We have so many charities because we have failed to feed, clothe, educate and take care of so many people.
While we wait for strong human rights legislation, many people are working to help others. Most people I know are very wise in supporting charitable activities. They are very aware of where their money is going and what it is doing for the community.
People will decide if new charities are needed or not. If they’re not, people won’t donate to them.
AB: Why doesn’t Winnipeg Harvest receive any funding from the United Way?
DN: The United Way is made up of good people, who contribute to the community. One of the requirements to be a member agency is a “blackout” on advertising and fund-raising during the United Way’s fall campaign period.
At Winnipeg Harvest, one of the strengths of our relationships with the community is the food, time and money we get at harvest time in Manitoba. We would have to give up or limit that profile and those relationships with corporate partners.
People who donate to the United Way can designate Winnipeg Harvest as one of their recipients and the United Way will deduct a service fee and forward us the money.
AB: On your website, you indicate what kind of food is needed most for the food bank. What kind of food do you get that you really don’t need?

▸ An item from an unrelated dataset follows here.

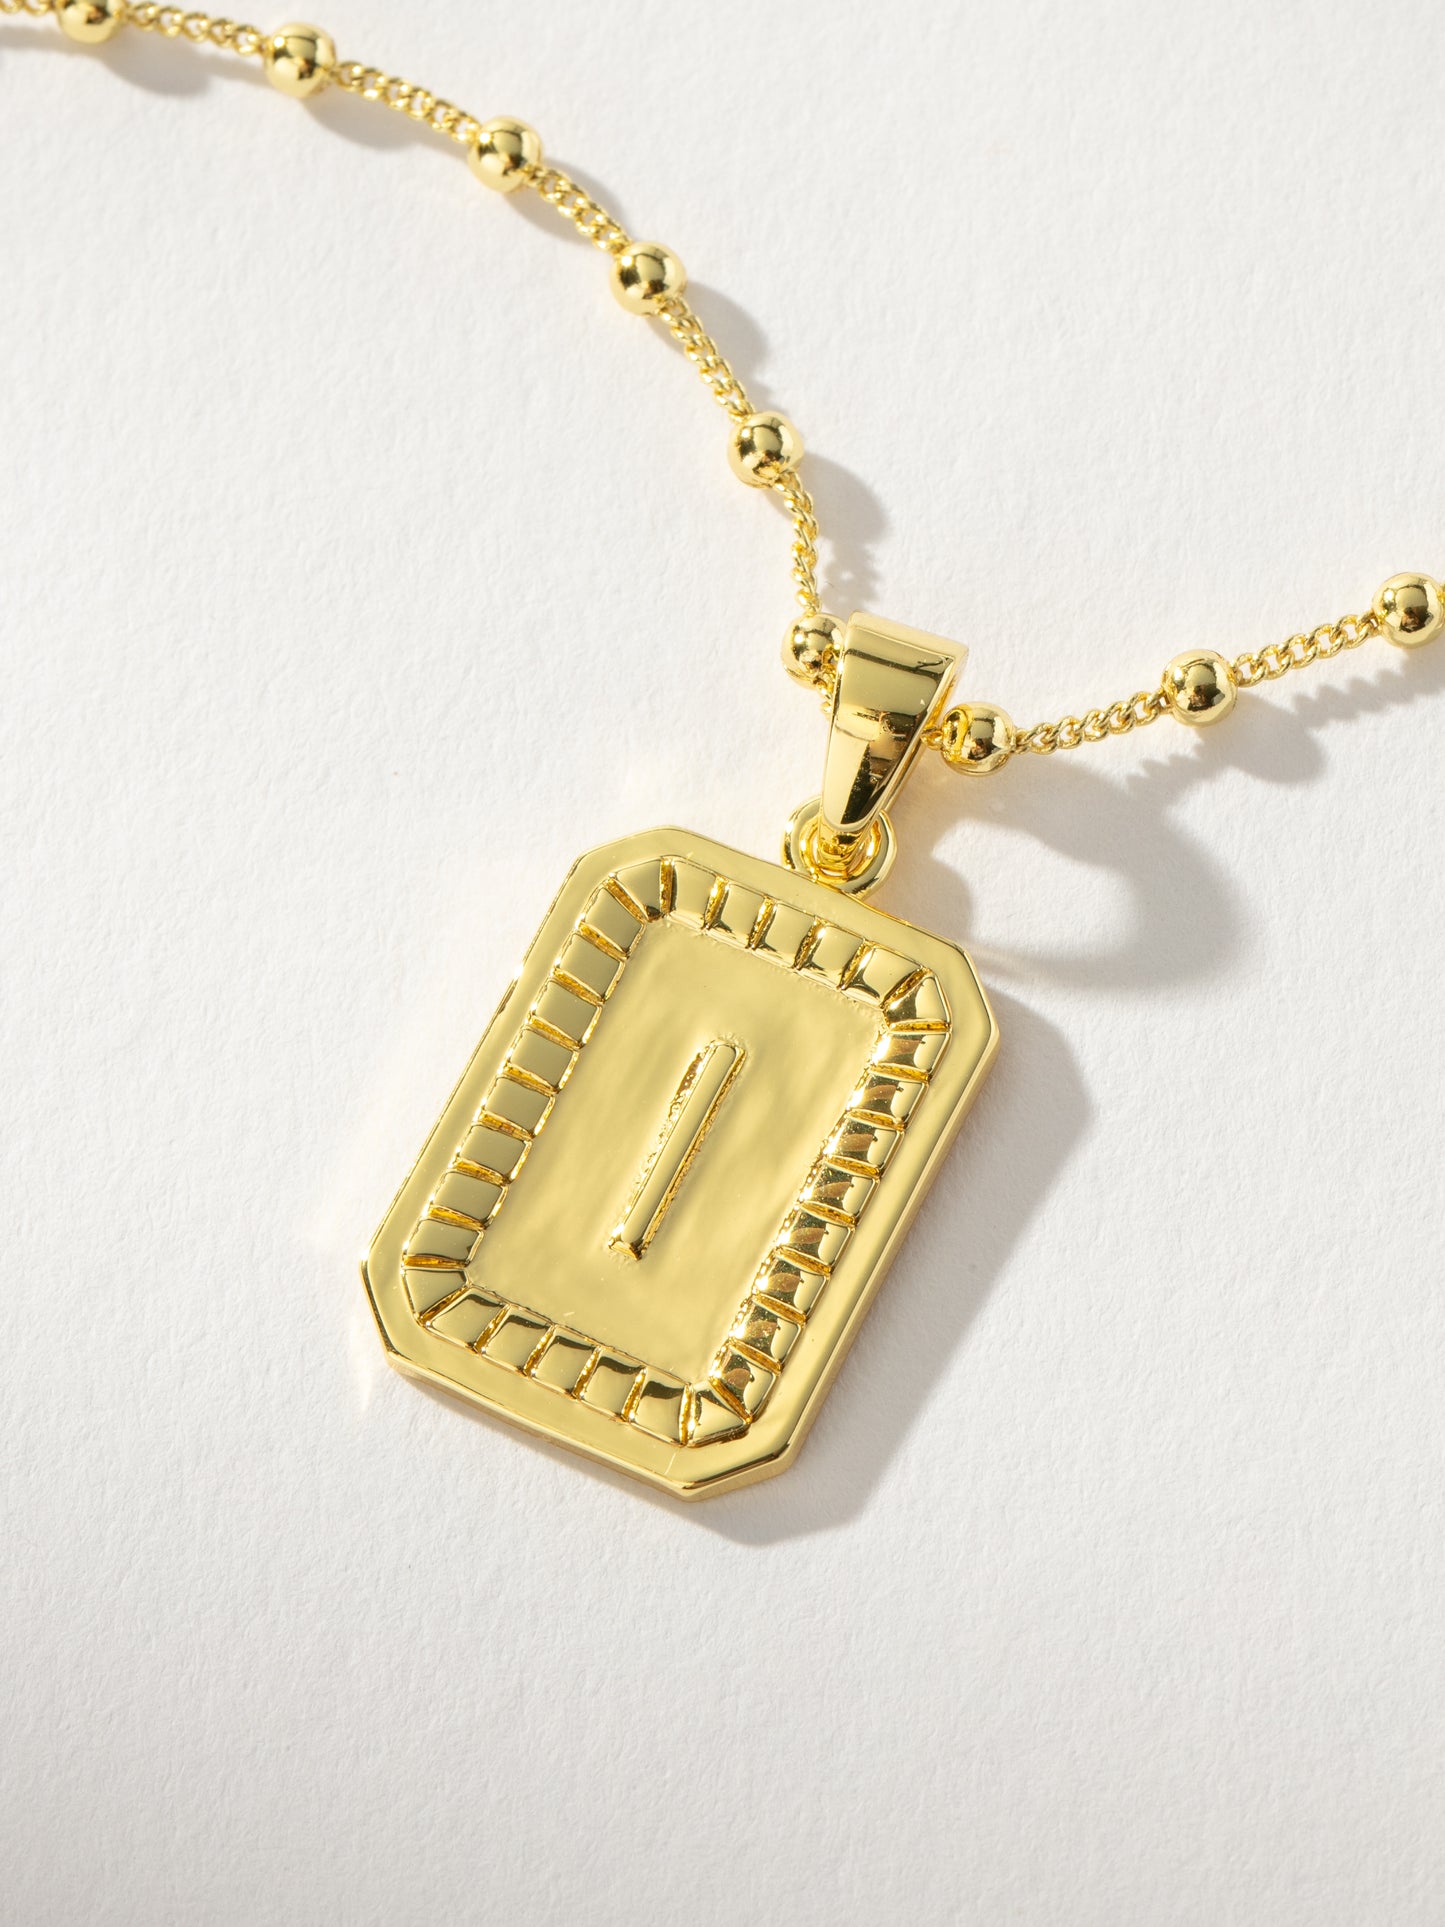 Sur Necklace | Gold I | Product Image | Uncommon James

DN: We don't get too many items that we don't need or can't use. There are items that don't meet health codes, so those are removed.
AB: What percentage of your clients are long-term food bank users because they are either on welfare or are unemployable?

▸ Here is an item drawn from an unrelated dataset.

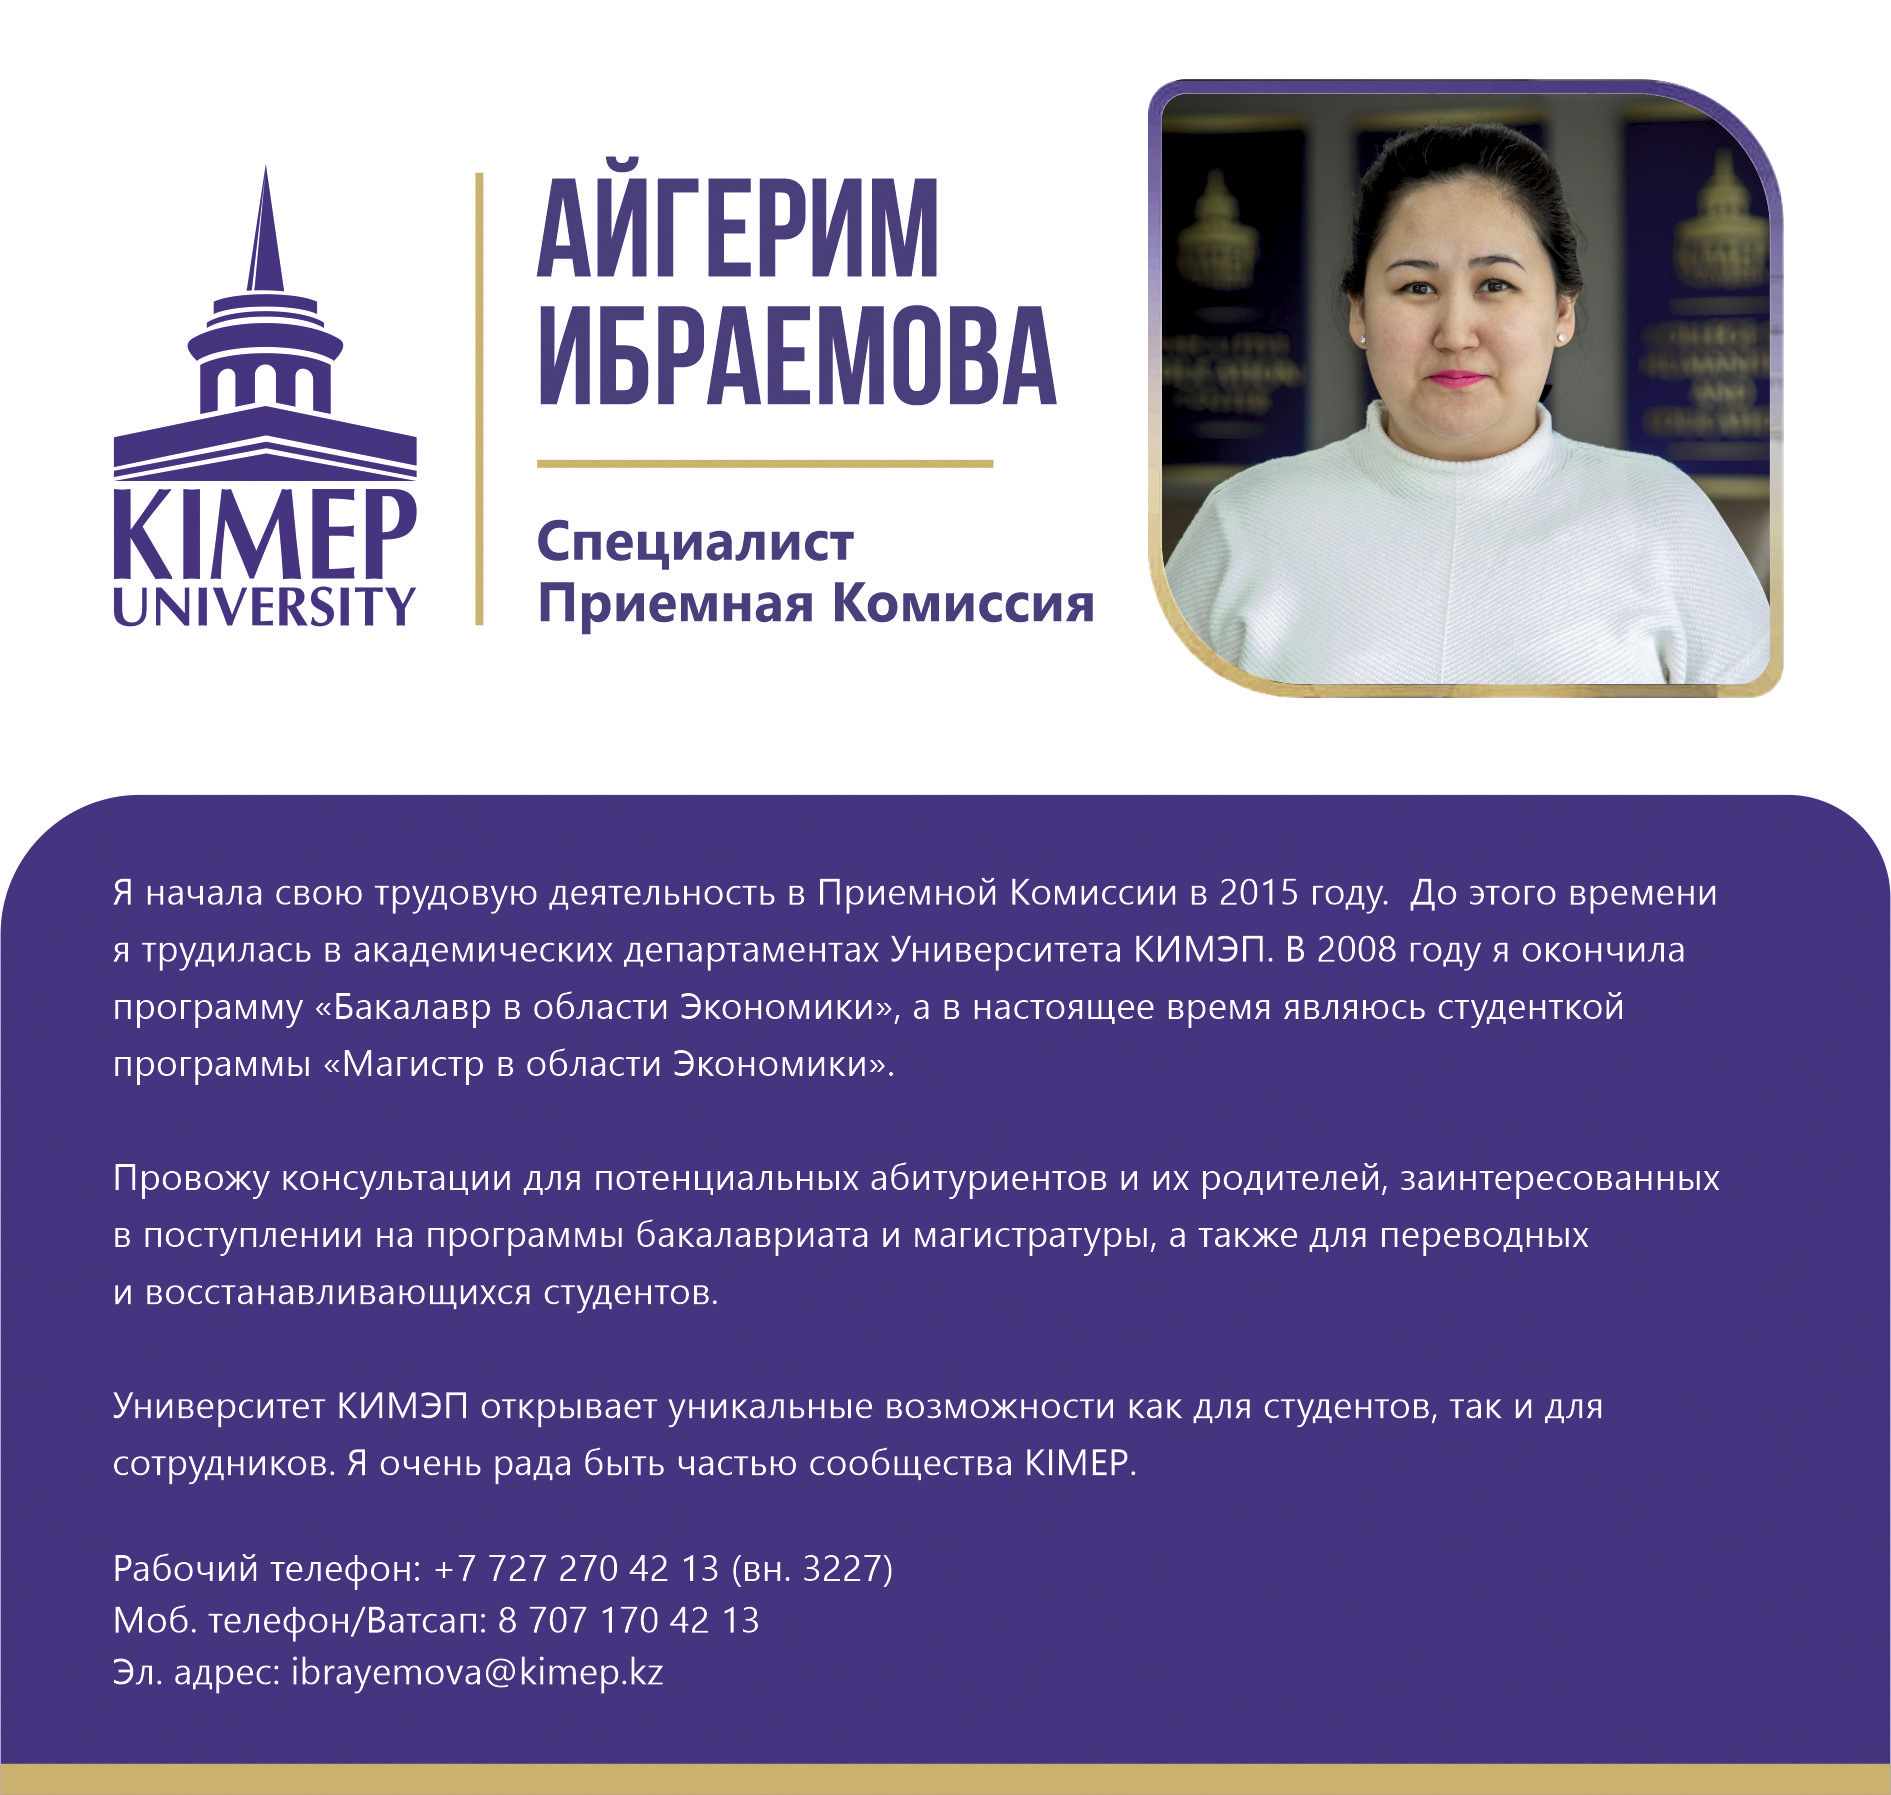 Admission Profile for Aigerim Ibrayemova rus

DN: There is a base of about 25% of the people who struggle for adequate income and struggle with the amount that the government gives them and still use a food bank each month. Most people will use the food bank for about 3 or 4 months and then will not return for several months.
In our society, some work is paid and some is not paid. Those that are employable we have seen moving to paid work The struggle is with minimum wage or less than full time shifts to make ends meet. A food bank is there to help stretch the month!
People with multiple barriers, including health or mental health issues, may not be employable in the paid workforce, but they can work hard for us at Winnipeg Harvest, helping others. Our volunteers demonstrate the same enthusiasm as they would at a full time paid job! Society needs to value that unpaid work the same as a paid job.
Forty-six per cent of the people who use the food bank are children. Jobs help poor children in poor families and good training for their parents will help open those doors!
AB: I believe you’ve said that you’d like to work yourself out of a job. What conditions would be necessary for Winnipeg Harvest to wrap up? Is it really possible? Or would it require a complete overhaul of our value-poor, economy-driven society?
DN: Yes, we do want to work ourselves out of a job. We are advocating for change within the system, working with our partners to change public policy. We believe governments should once again consider a guaranteed annual income.
We also support one-on-one advocacy. We want our clients to build their knowledge so they can become trainers and mentors in their own communities.
Why, in our plentiful economy, is there no basic human rights legislation entitling people to their basic needs: water, food, fuel and shelter? There is still lots of work to be done.
AB: What would happen if Winnipeg Harvest closed its doors right now? Would anyone really starve?
DN: Yes. Children. Right now, we know of mothers who eat only one meal a day, so their kids can eat three meals a day. To remove their last bit of hope for food would be a harshness I hope we never go to. Surely we’re a more loving and respectful society than to use children and poor women as a political fulcrum.
AB: It’s been said that society should be judged by how it treats its weakest members. How should we be judged?
DN: The problem with judging is that through the eyes of someone who enjoys influence and wealth, things look much better than they do through the eyes of the bottom one-fifth of society. As the separation between rich and poor grows in Canada, we have to look at doing things differently.
We will be judged on our heart – our heart for international and domestic issues. There is still much work to be done on both fronts.